Stoimenov was shot seven times around 8 pm in a gated upscale residential community and died from a bullet wound in the head. Several hours later, a burnt-out BMW was found in a nearby Sofia district. According to sources of the state-owned Bulgarian National Television (BNT), the BMW had been reported stolen earlier, was used as a getaway vehicle and was set on fire to destroy evidence.

Pavel Panov, spokesperson of the Sofia City Prosecutor’s Office, told Bulgarian media that Stoimenov was on his way to visit a friend who lived in the gated complex and she was the one who found his body. Panov said that police believe the motive may have been financial after searching various properties, examining security cameras and questioning witnesses.

Konstantin Dimitrov, Deputy Chief of the National Police, said police are continuing to look into his business partners and companies. "Suspicious transfers linked to offshore companies of Vesselin Stoimenov, who is close to the heirs of the VIS-2 group, are the most likely motive for his murder," he said.
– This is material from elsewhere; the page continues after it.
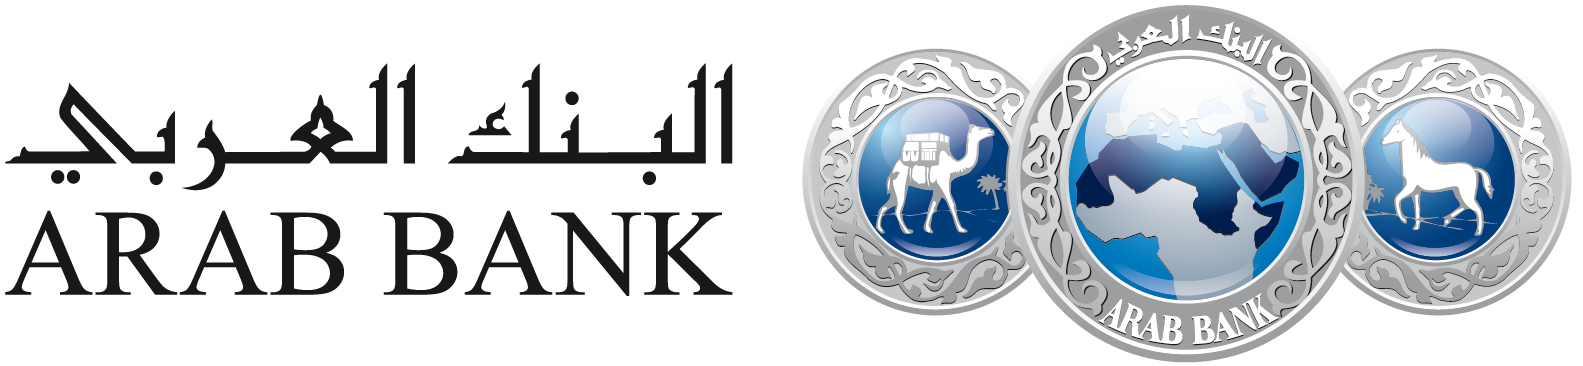 https://www.arabbank.com.jo/

Stoimenov had no criminal record, but is believed to have managed the properties of VIS, mainly several hotels of Georgi Iliev on the Bulgarian Black Sea coast. After 2000, Stoimenov appeared in auctions of seafront property on behalf of companies connected to Georgi Iliev.

He also owned Venis Marine, a company that provided boat tours on the Ropotamo River, which flows into the Black Sea and is a nature reserve.
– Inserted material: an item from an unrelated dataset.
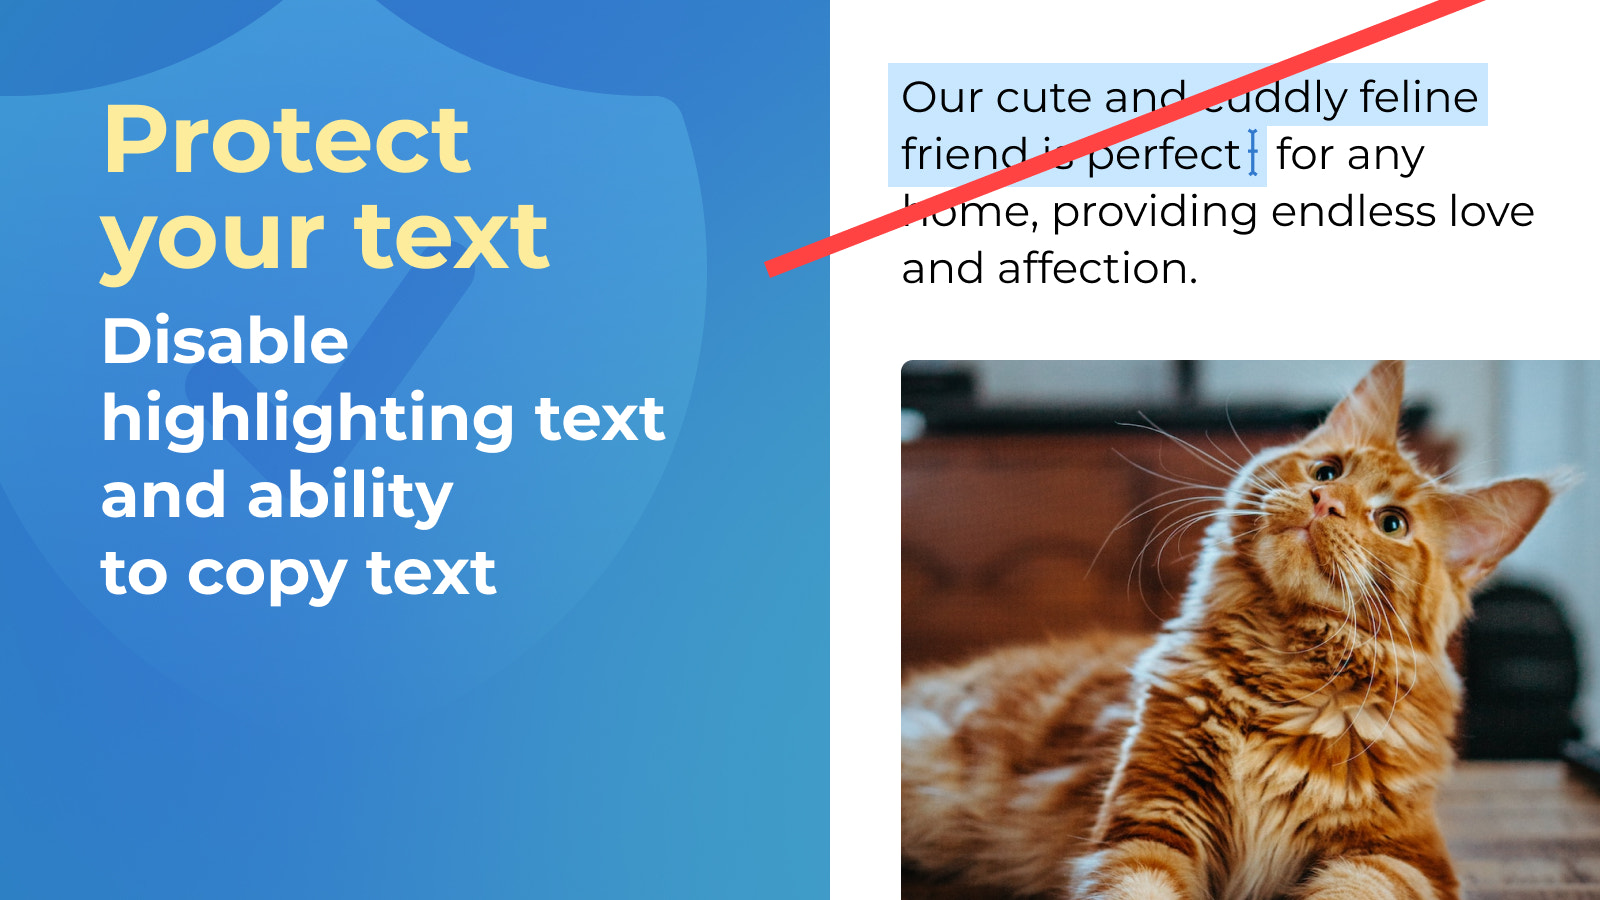 Skydda din text: Inaktivera textmarkering och möjligheten att kopiera

In April 2014, Stoimenov’s name was involved in a scandal after reports that Venis Marine boats were illegally occupying the boat pier in the Ropotamo reserve despite a prior revocation of its contract to provide the river tours.

The Bulgarian site for investigative journalism Bivol.bg, an OCCRP partner, has closely followed the deeds of Venis Marine in the reserve and published several stories on its illegal activities.

In March 2013, Bivol reported that Venis Marine was involved in illegal construction in the reserve. The government stopped the construction and revoked the boat tours contract. The company, however, continued to operate the tours in 2014 and 2015 and collected the proceeds without paying a concession fee to the state.

According to Bivol, Venis Marine is also the owner of a company linked to drug lord Hristoforos “Taki” Amanatidis, who is a fugitive. Some Bulgarian media reported that Soimenov’s murder could have been a warning for Taki.

However, in an interview for Nova TV, Colonel Botio Botev, former chief of the national police “Serious Crimes” unit, downplayed Stoimenov’s role in VIS. Botev, who at the time was in charge of investigating the murder of Georgi Iliev, said Stoimenov was “in the VIS periphery” when Iliev was running it and later just managed the “investments of other people on the Black Sea coast.”